■ About this exercise ■
Look through the listing below for the line containing "OnlyNess - Productos". Copy it and each line after it up to and including the line containing "Ford Focus 1.6 Ti-VCT Zetec 5dr", exactly, leaving out pictures.

■ Information provided ■
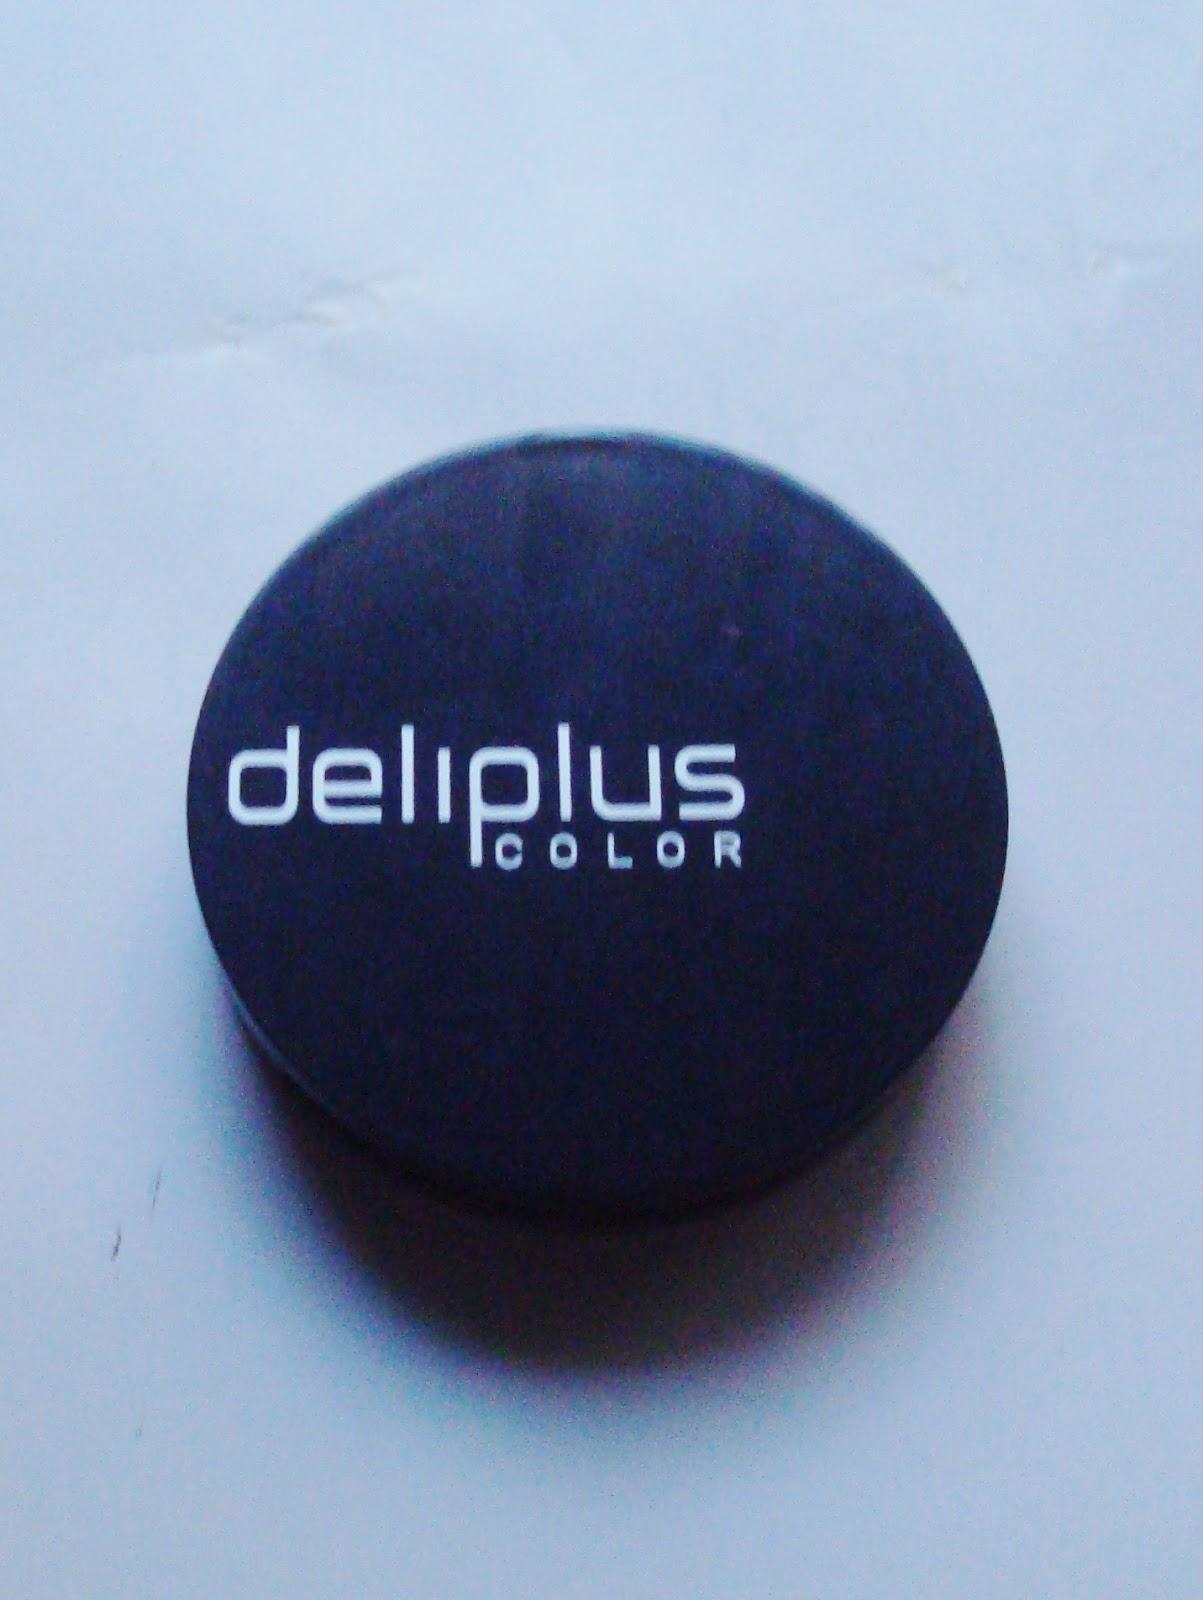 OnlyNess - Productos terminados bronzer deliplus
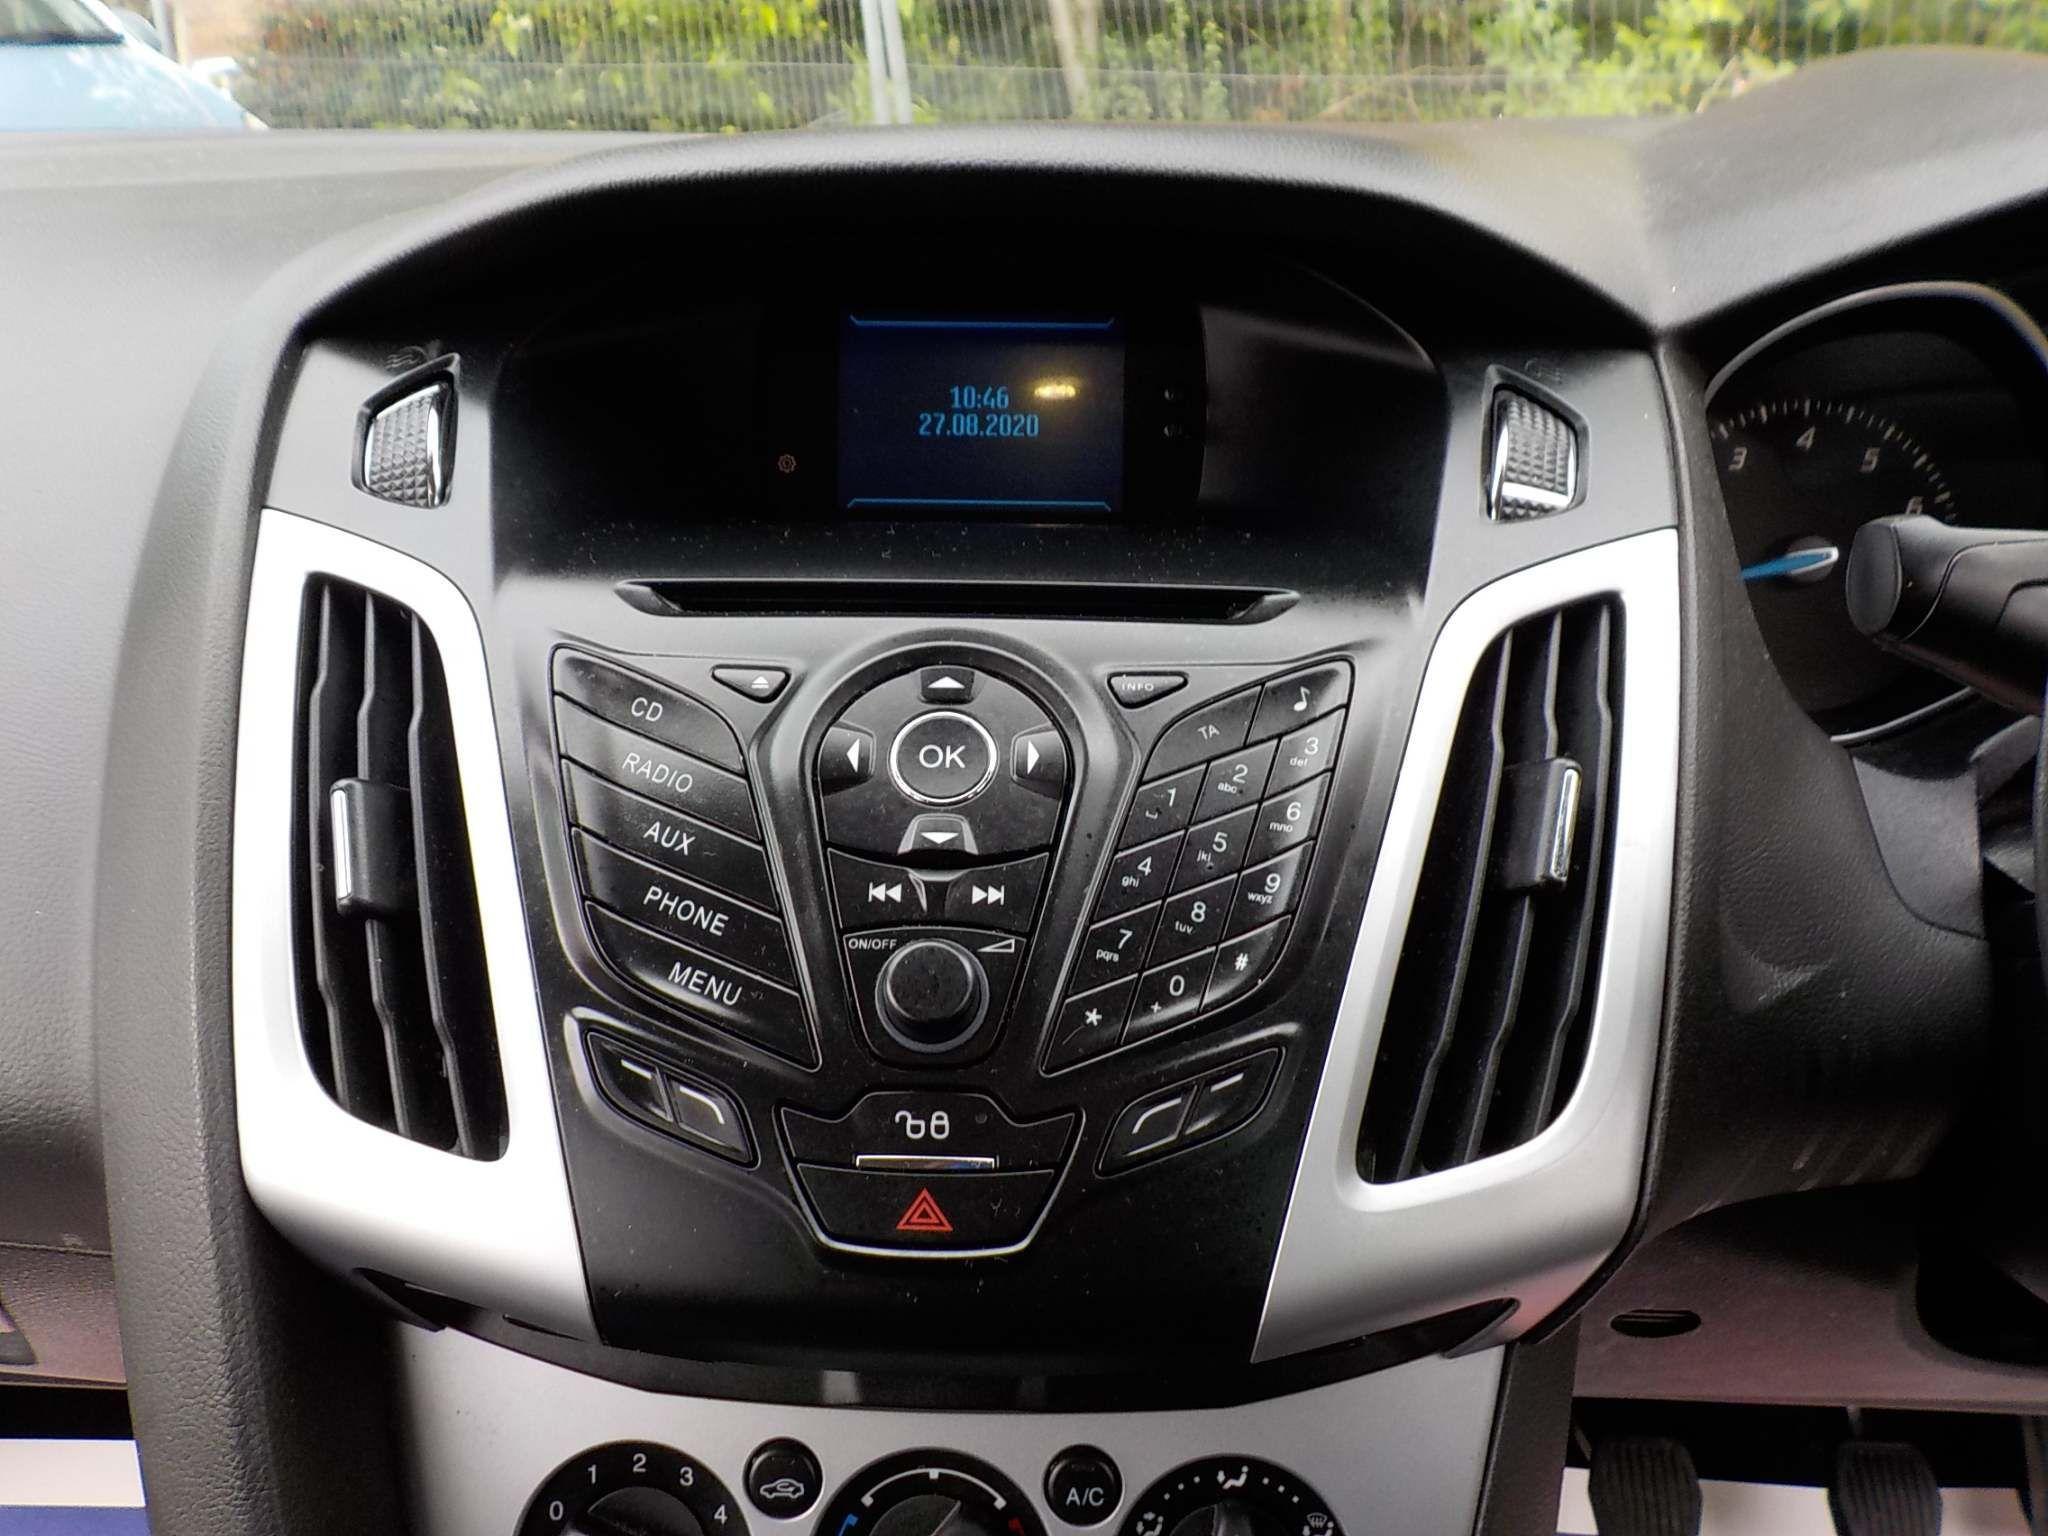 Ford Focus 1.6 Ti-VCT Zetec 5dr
==
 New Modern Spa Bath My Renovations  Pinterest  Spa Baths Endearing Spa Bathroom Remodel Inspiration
---
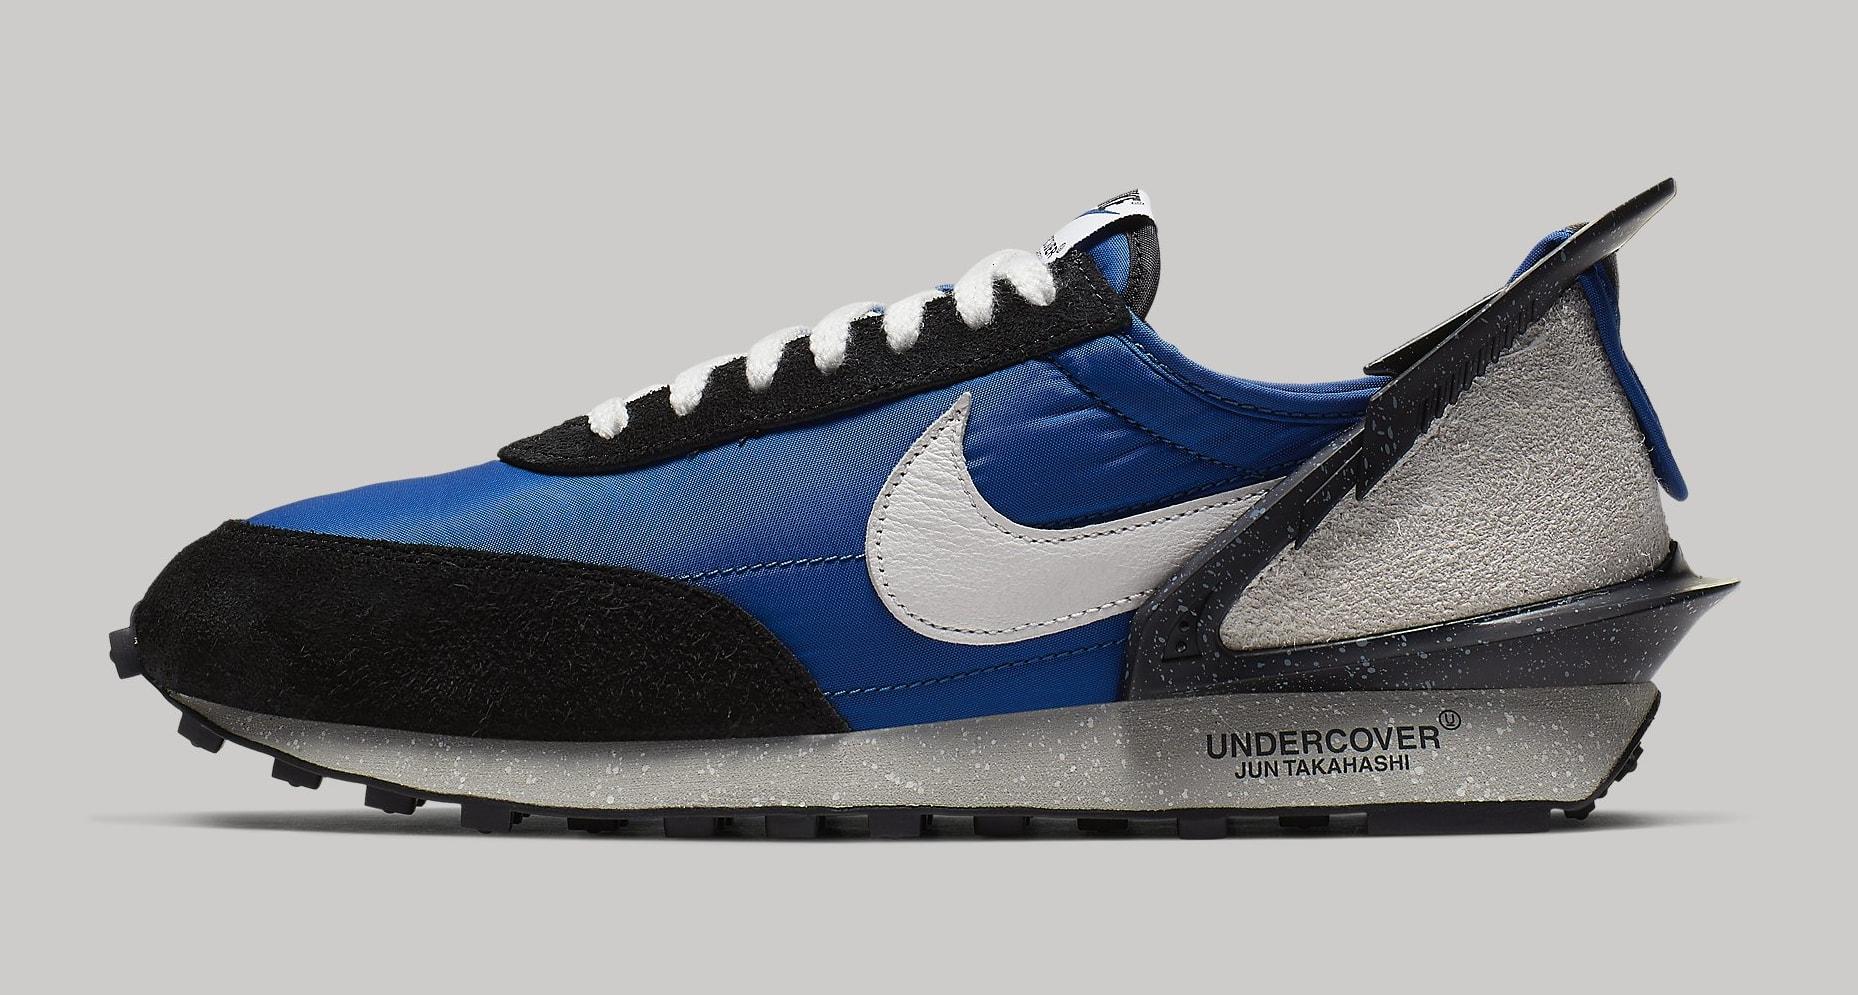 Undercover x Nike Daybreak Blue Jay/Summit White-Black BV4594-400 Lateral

■ Answer to this exercise ■
 OnlyNess - Productos terminados bronzer deliplus
 Ford Focus 1.6 Ti-VCT Zetec 5dr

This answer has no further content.